# [Data excerpt]
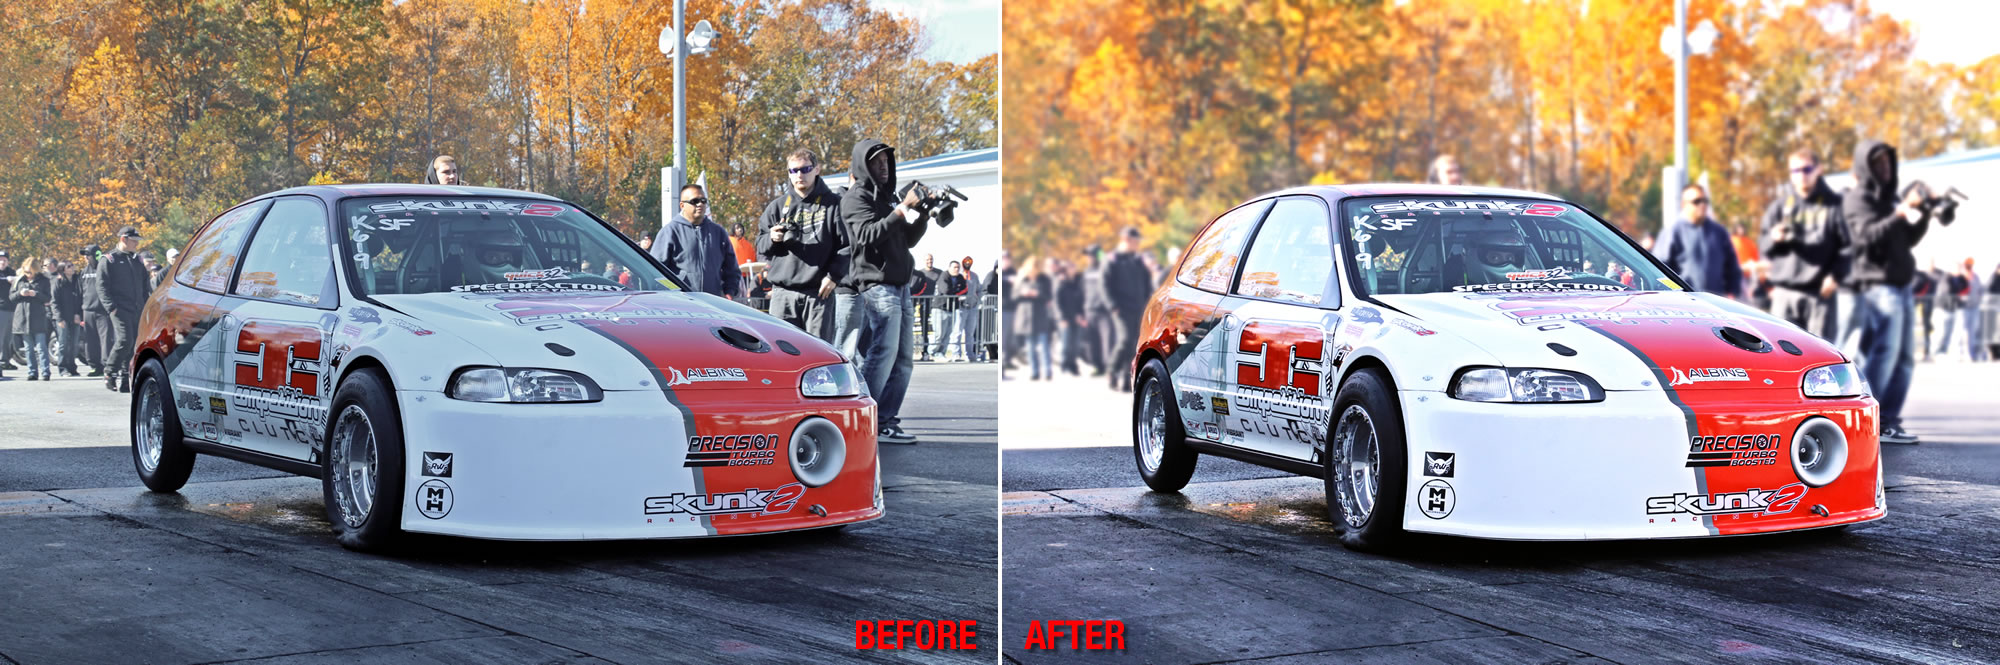 Digital Retouching: Color correction/adjustment, focal emphasis, etc. (before & after)
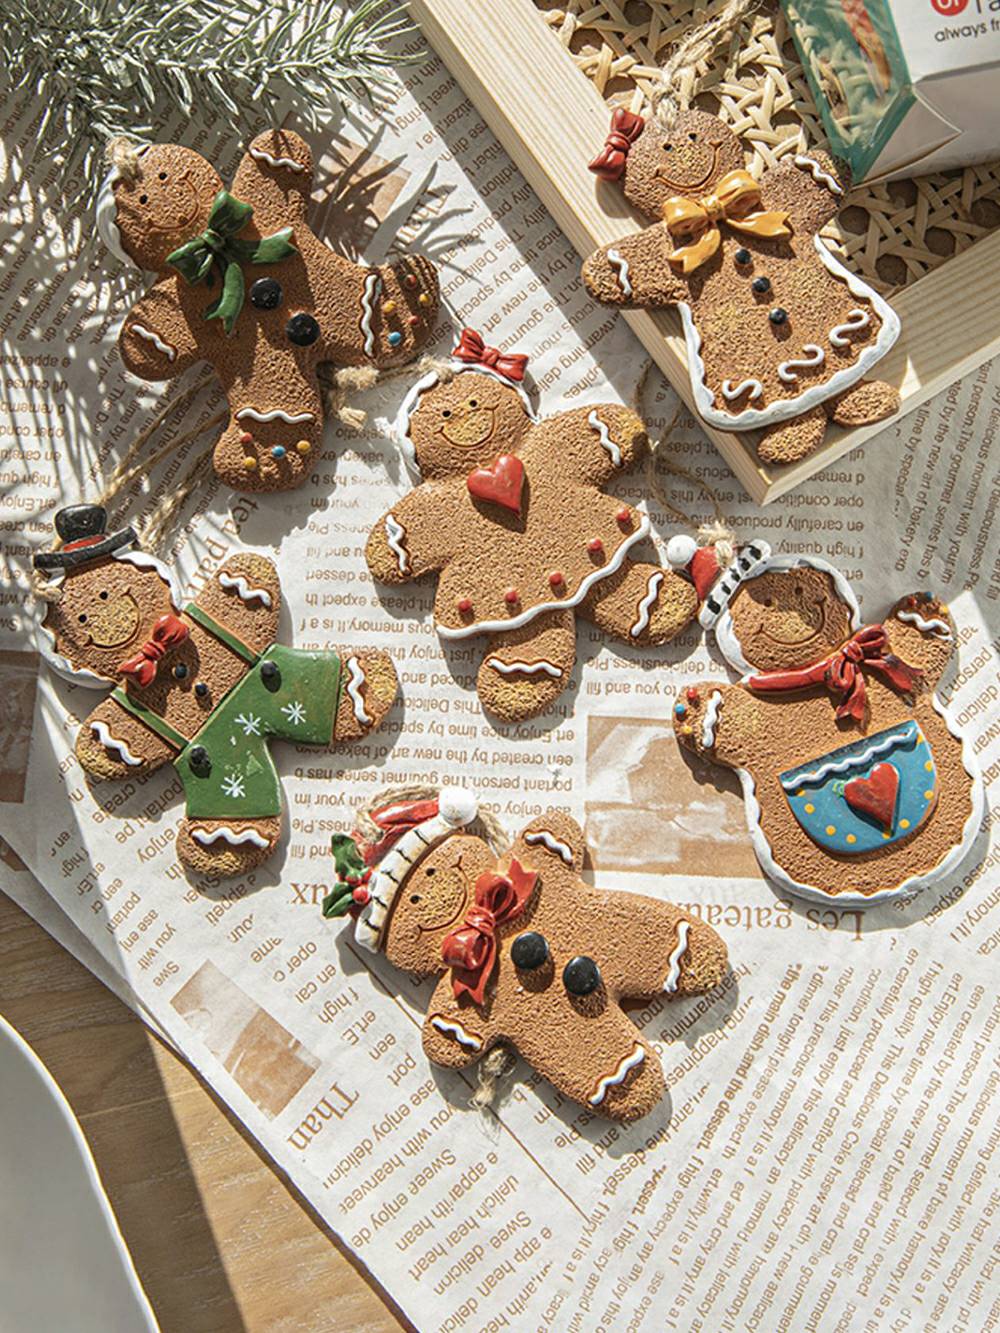 Christmas Tree Gingerbread Man Resin Hanging Decoration
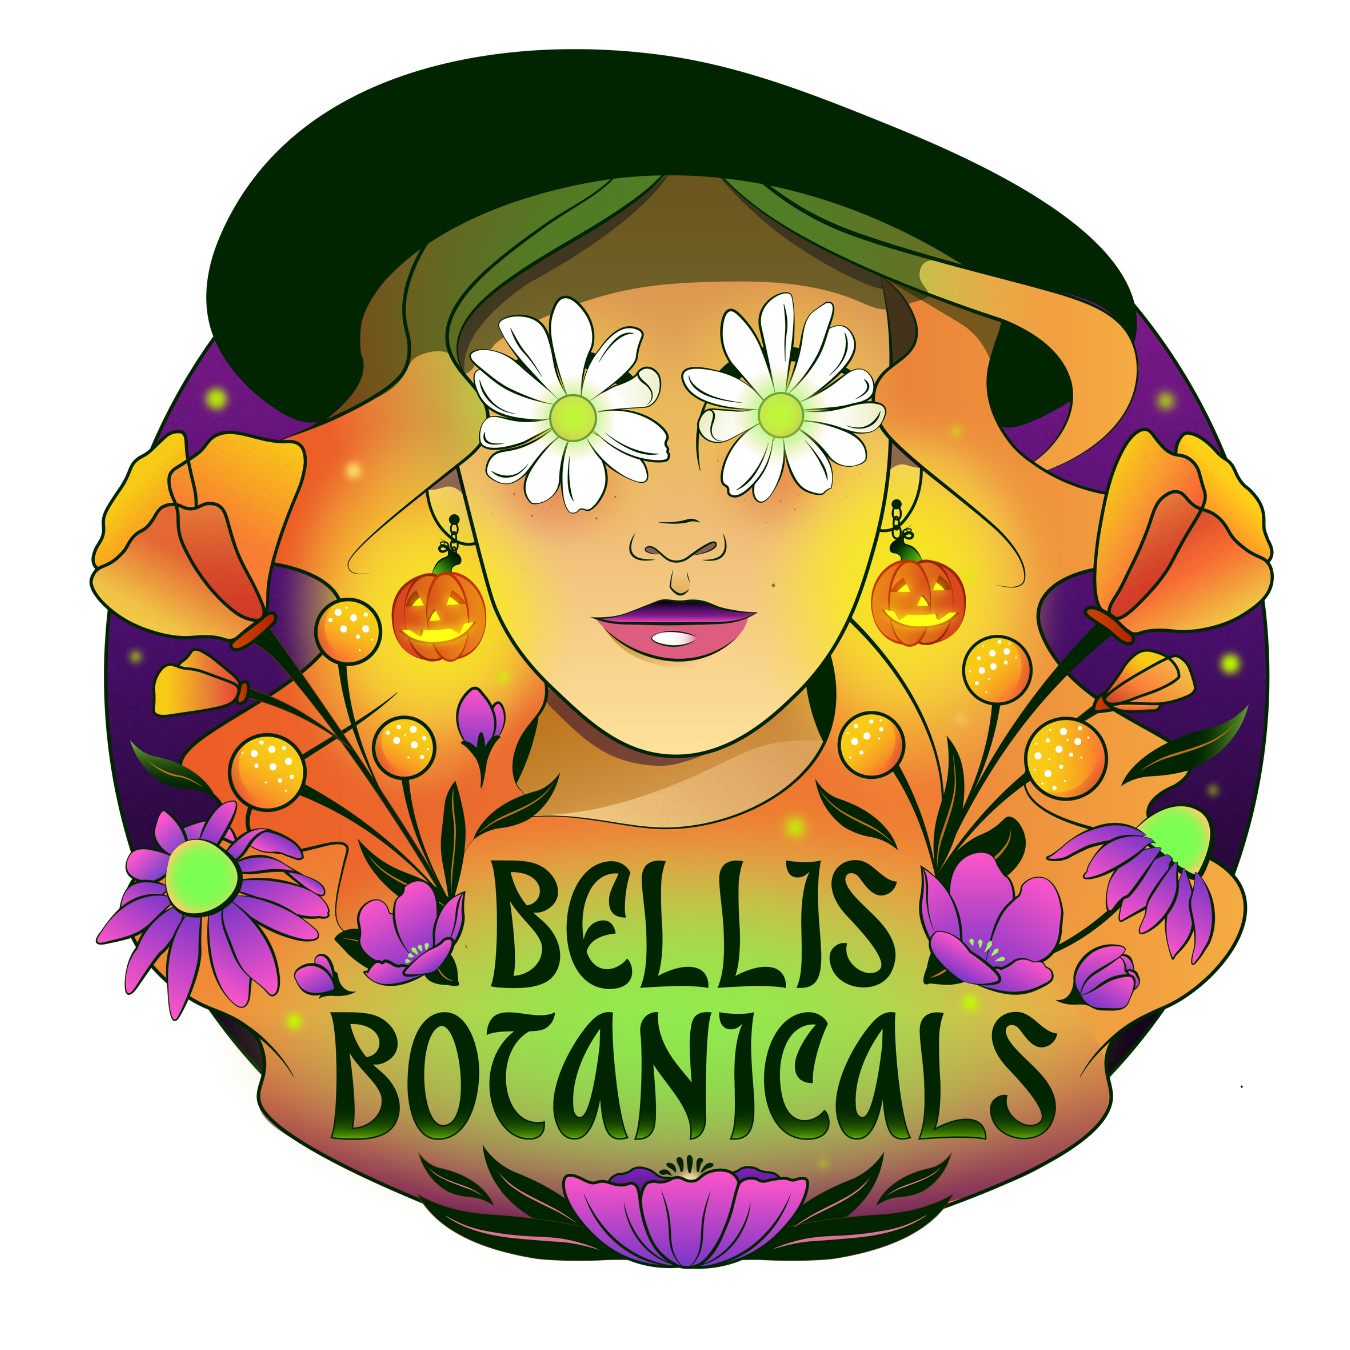 Bellis Botanicals

# [What this task involves]
Wherever a picture appears in the listing above, drop it, and restate the rest exactly.

# [Answer to this exercise]
 Digital Retouching: Color correction/adjustment, focal emphasis, etc. (before & after)
 Christmas Tree Gingerbread Man Resin Hanging Decoration
 Bellis Botanicals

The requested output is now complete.